26/07/2022 às 15h10min - Atualizada em 26/07/2022 às 15h10min

CERN + DARPA usando acelerador de partículas para construir tecnologia que enxerga através de paredes de concreto

Os militares dos EUA anunciaram na sexta-feira que estão usando um acelerador de partículas como parte de um novo programa para criar uma fonte compacta de partículas subatômicas poderosa o suficiente para ver através de paredes de concreto.

Luiz Custodio
DailyWire
A pesquisa requer partículas de alta energia que só podem ser produzidas em grandes instalações de pesquisa, como o acelerador nacional de partículas Fermilab dos Estados Unidos em Illinois e as instalações do Conselho Europeu para Pesquisa Nuclear (CERN) na Suíça.

Em um comunicado à imprensa , a Agência de Projetos de Pesquisa Avançada de Defesa (DARPA) disse que o pessoal faria múons terrestres profundamente penetrantes, partículas subatômicas cerca de 200 vezes mais pesadas que os elétrons. Essas partículas podem criar feixes de energia de até centenas de giga-elétron-volts para escanear ou caracterizar materiais para descobertas científicas e segurança nacional.

Mark Wrobel, gerente de programa do Departamento de Ciências da Defesa da DARPA, disse que a tecnologia laser de alta potência, em constante avanço, pode produzir múons terrestres que “ podem viajar facilmente por dezenas a centenas de metros de água, rocha sólida ou solo” se o energia era alta o suficiente.

 

MuS2 estabelecerá as bases necessárias para examinar a viabilidade de desenvolver fontes de múons compactas e transportáveis”, disse Wrobel.

Relatório DailyWire: Embora as autoridades tenham chamado o processo de aproveitamento das fontes primárias usadas para criar tais múons para vigilância avançada “ tedioso e não muito prático ”, eles provaram ser eficazes. No final da década de 1960, os cientistas usaram múons para examinar cerca de 20% das câmaras internas dentro das paredes das grandes pirâmides do Egito. Até hoje, os cientistas ainda estão usando radiação cósmica para ver dentro das pirâmides.

O Departamento de Defesa e outras agências federais usaram fontes avançadas para gerar partículas subatômicas que permitiram às autoridades escanear contêineres de carga com materiais perigosos ou testar uma aeronave quanto a defeitos internos. Ainda não é forte o suficiente, no entanto, para “ mapear o núcleo de um vulcão do lado de fora ou espiar no subsolo para localizar câmaras e túneis”.

Devido à natureza da pesquisa, Wrobel diz que as equipes viriam de diversas áreas de pesquisa da academia, laboratórios nacionais e indústrias de defesa.

Autoridades disseram que a produção de múons requer partículas de alta energia que só poderiam ser feitas em grandes instalações de pesquisa, como o acelerador nacional de partículas Fermilab dos Estados Unidos em Illinois e a instalação do Conselho Europeu para Pesquisa Nuclear (CERN) na Suíça.

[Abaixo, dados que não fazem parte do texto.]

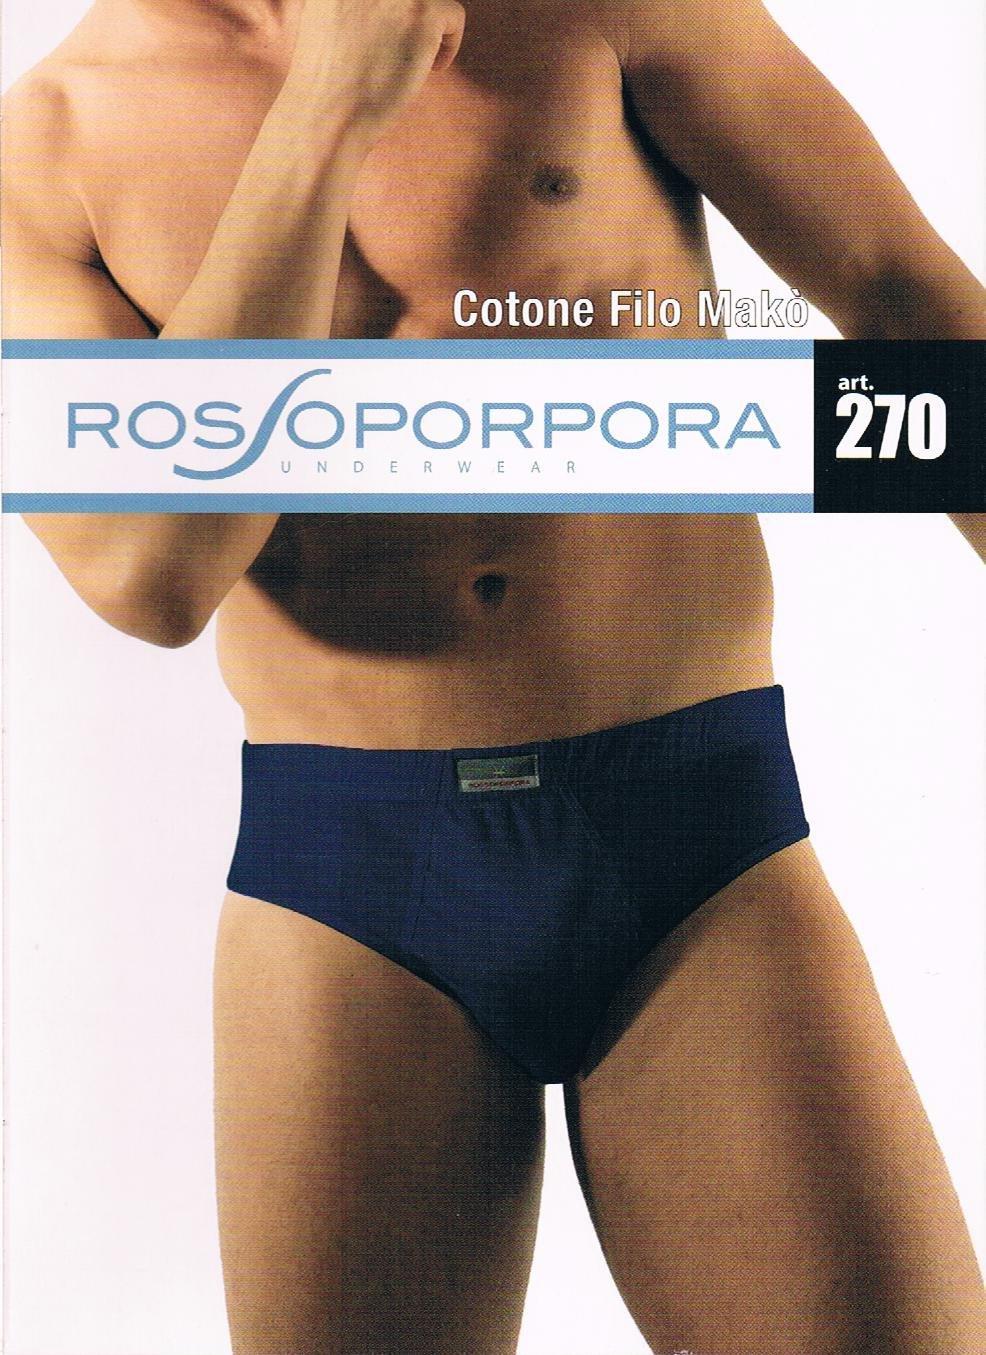 6 Slip Rossoporpora cotone filo Mak/ò 5 Taglia Scuri

Sarah Charley, que escreve para um grupo de comunicação no CERN, escreveu na revista online de partículas Symmetry que os múons são os primos mais pesados e de curta duração dos elétrons que “podem ser a chave para entender as relações entre outras partículas fundamentais”.

E guarda um mistério próprio”, escreveu Charley.

Oficiais militares disseram que o programa DARPA se estende por quatro anos e se divide em duas fases, nas quais os pesquisadores militares desenvolverão até 100 giga-elétron-volts para experimentação, simulação e estudos de tecnologia a laser.

Não deixe que as maravilhas da tecnologia roubem de sua vida e de sua família a tranquilidade, paz e segurança. “Portanto, vede prudentemente como andais, não como néscios e sim como sábios, remindo o tempo, porque os dias são maus”. (Efésios 5:15-16)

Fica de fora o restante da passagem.